Stimulation of β-amyloid precursor protein trafficking by insulin reduces intraneuronal β-amyloid and requires mitogen-activated protein kinase signaling

Alzheimer's Disease (AD) is characterized by cerebral accumulation of beta -amyloid peptides (A beta), which are proteolytically derived from beta -amyloid precursor protein (beta APP). beta APP metabolism is highly regulated via various signal transduction systems, e.g., several serine/threonine kinases and phosphatases. Several growth factors known to act via receptor tyrosine kinases also have been demonstrated to regulate s beta APP secretion. Among these receptors, insulin and insulin-like growth factor-1 receptors are highly expressed in brain, especially in hippocampus and cortex. Emerging evidence indicates that insulin has important functions in brain regions involved in learning and memory.
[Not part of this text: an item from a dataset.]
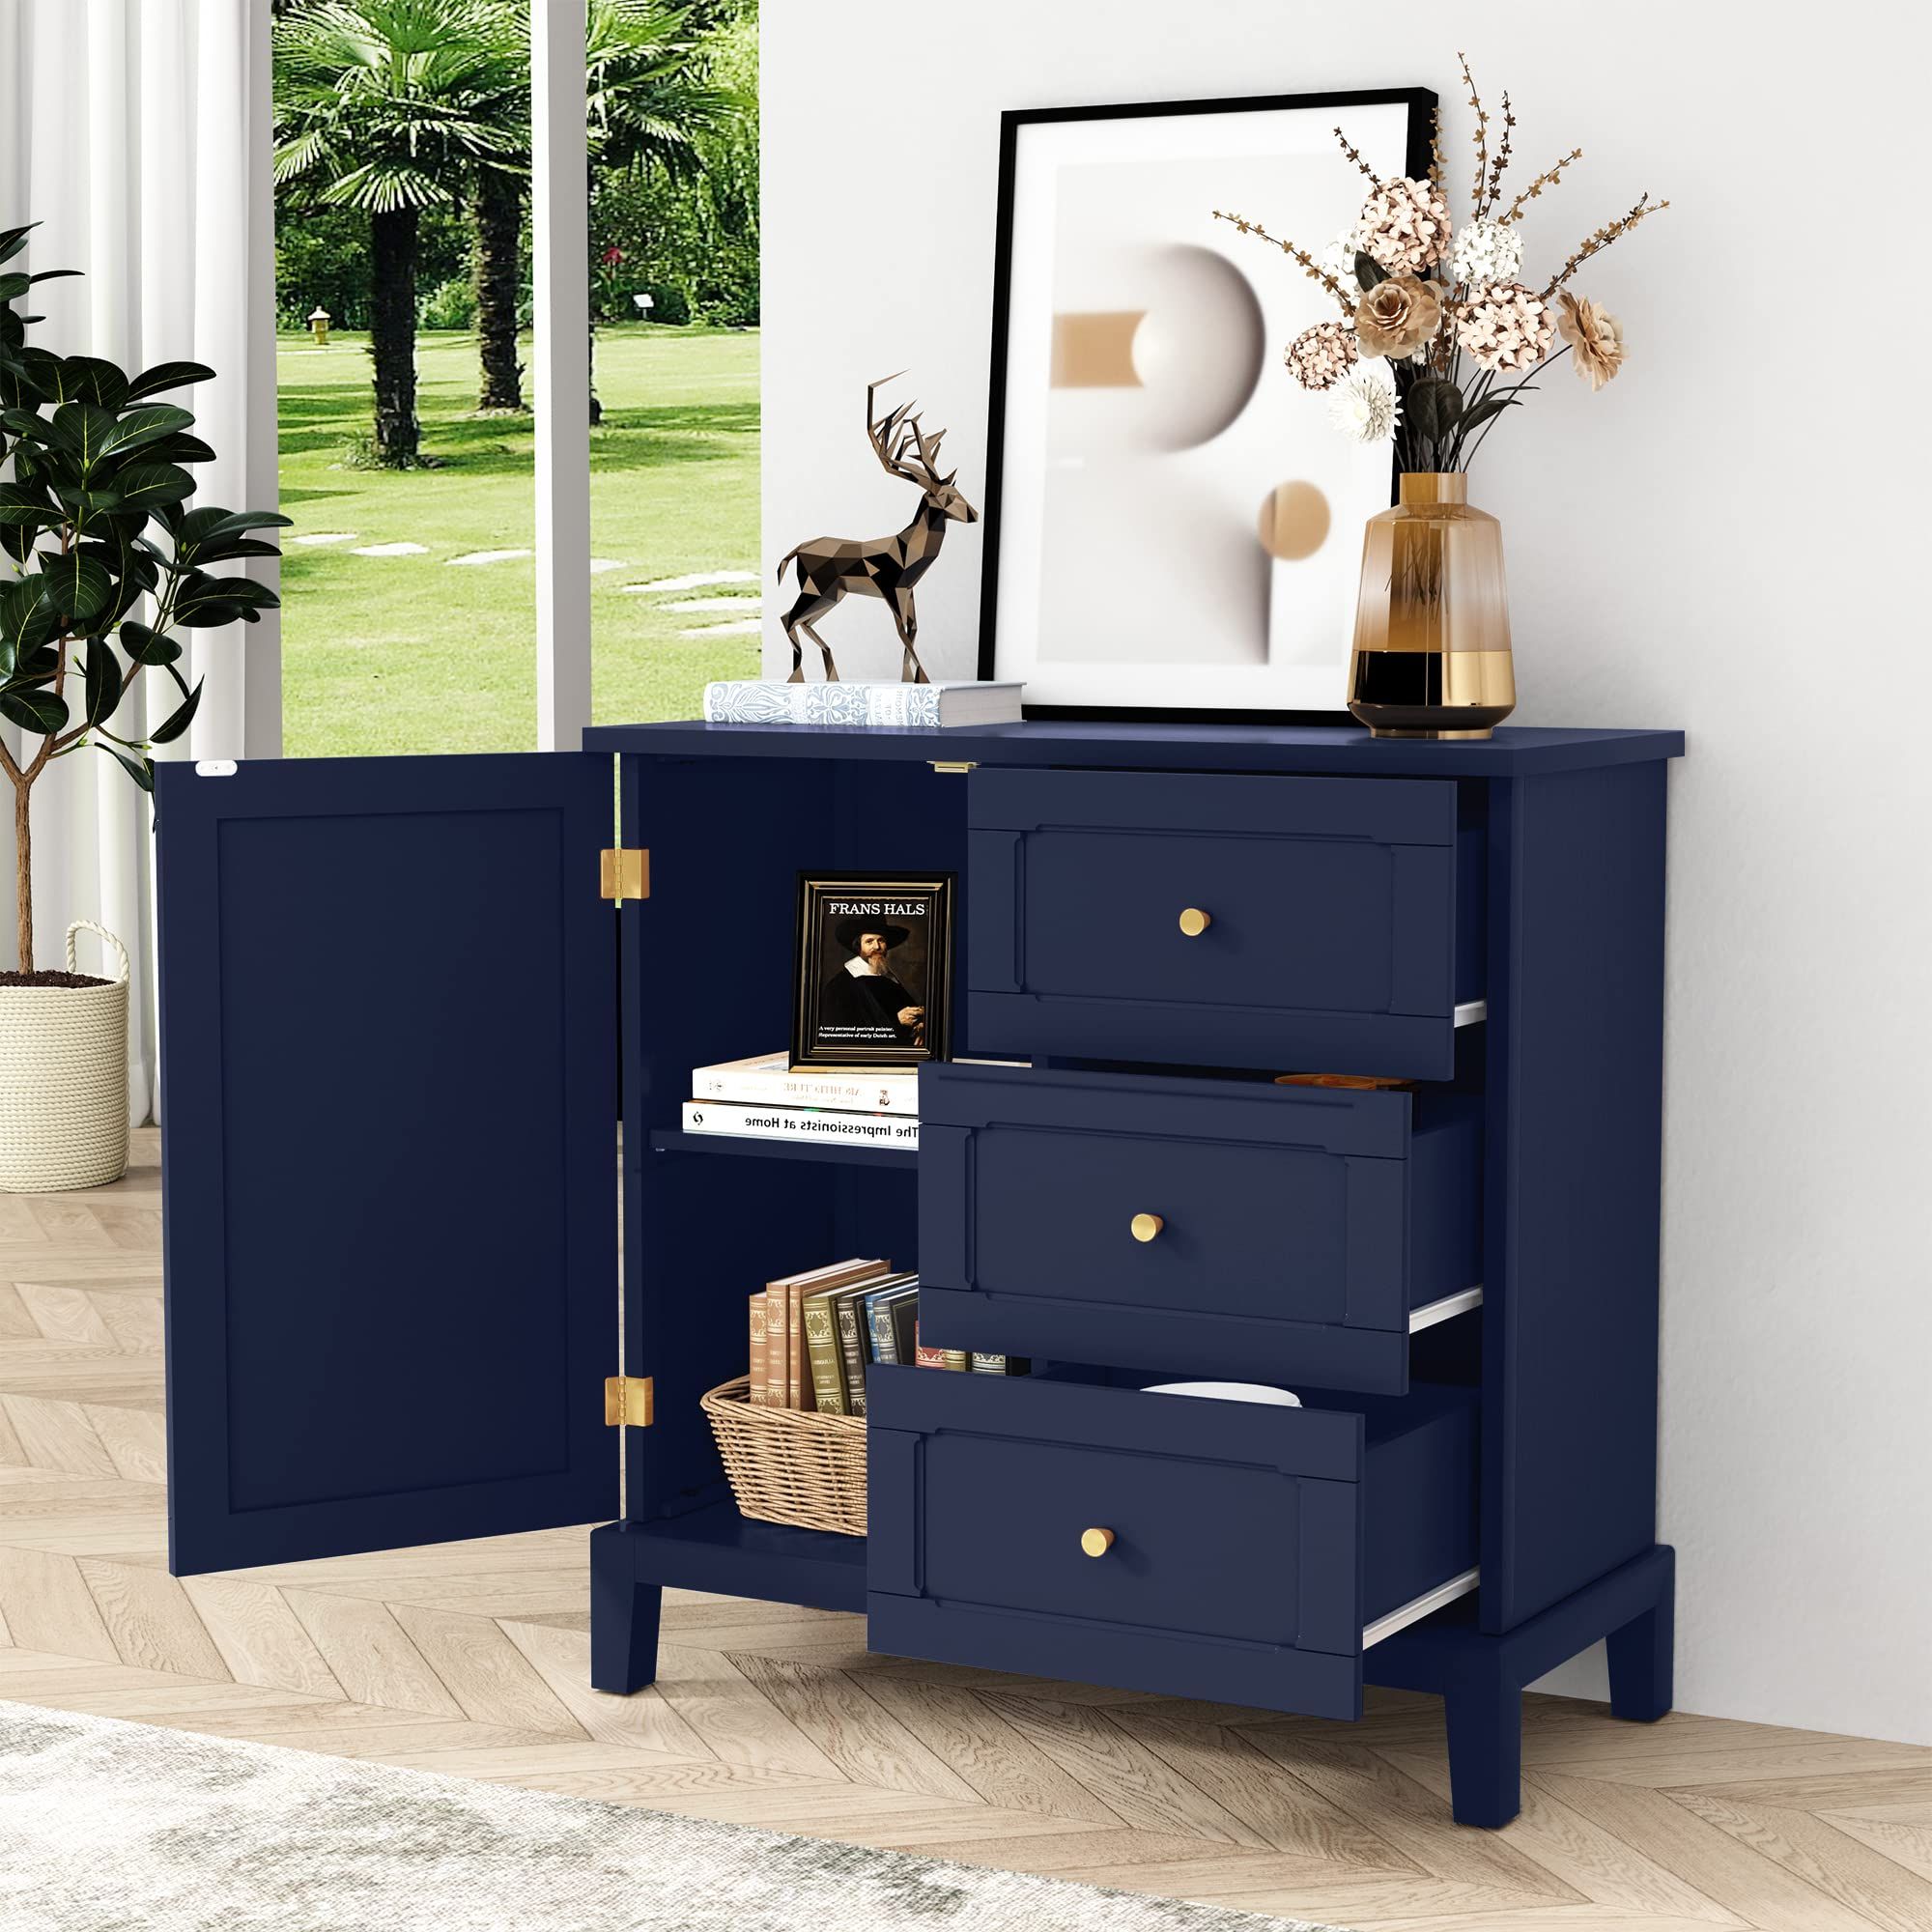 3 Drawers Sideboards Storage Cabinet In Well Liked Amazon: Hlr Accent Cabinet With 3 Drawers And Door, Wooden Storage  Cabinet With Shelves, Sideboard For Living Room, Bedroom, Entryway, Navy  Blue : Home & Kitchen (View 3 of 10)

Here we present evidence that insulin significantly reduces intracellular accumulation of A beta and that it does so by accelerating beta APP/A beta trafficking from the transGolgi network, a major cellular site for A beta generation, to the plasma membrane. Furthermore, insulin increases the extracellular level of A beta both by promoting its secretion and by inhibiting its degradation via insulin-degrading enzyme. The action of insulin on beta APP metabolism is mediated via a receptor tyrosine kinase/mitogen-activated protein (MAP) kinase kinase pathway. The results suggest cell biological and signal transduction mechanisms by which insulin modulates beta APP and A beta trafficking in neuronal cultures.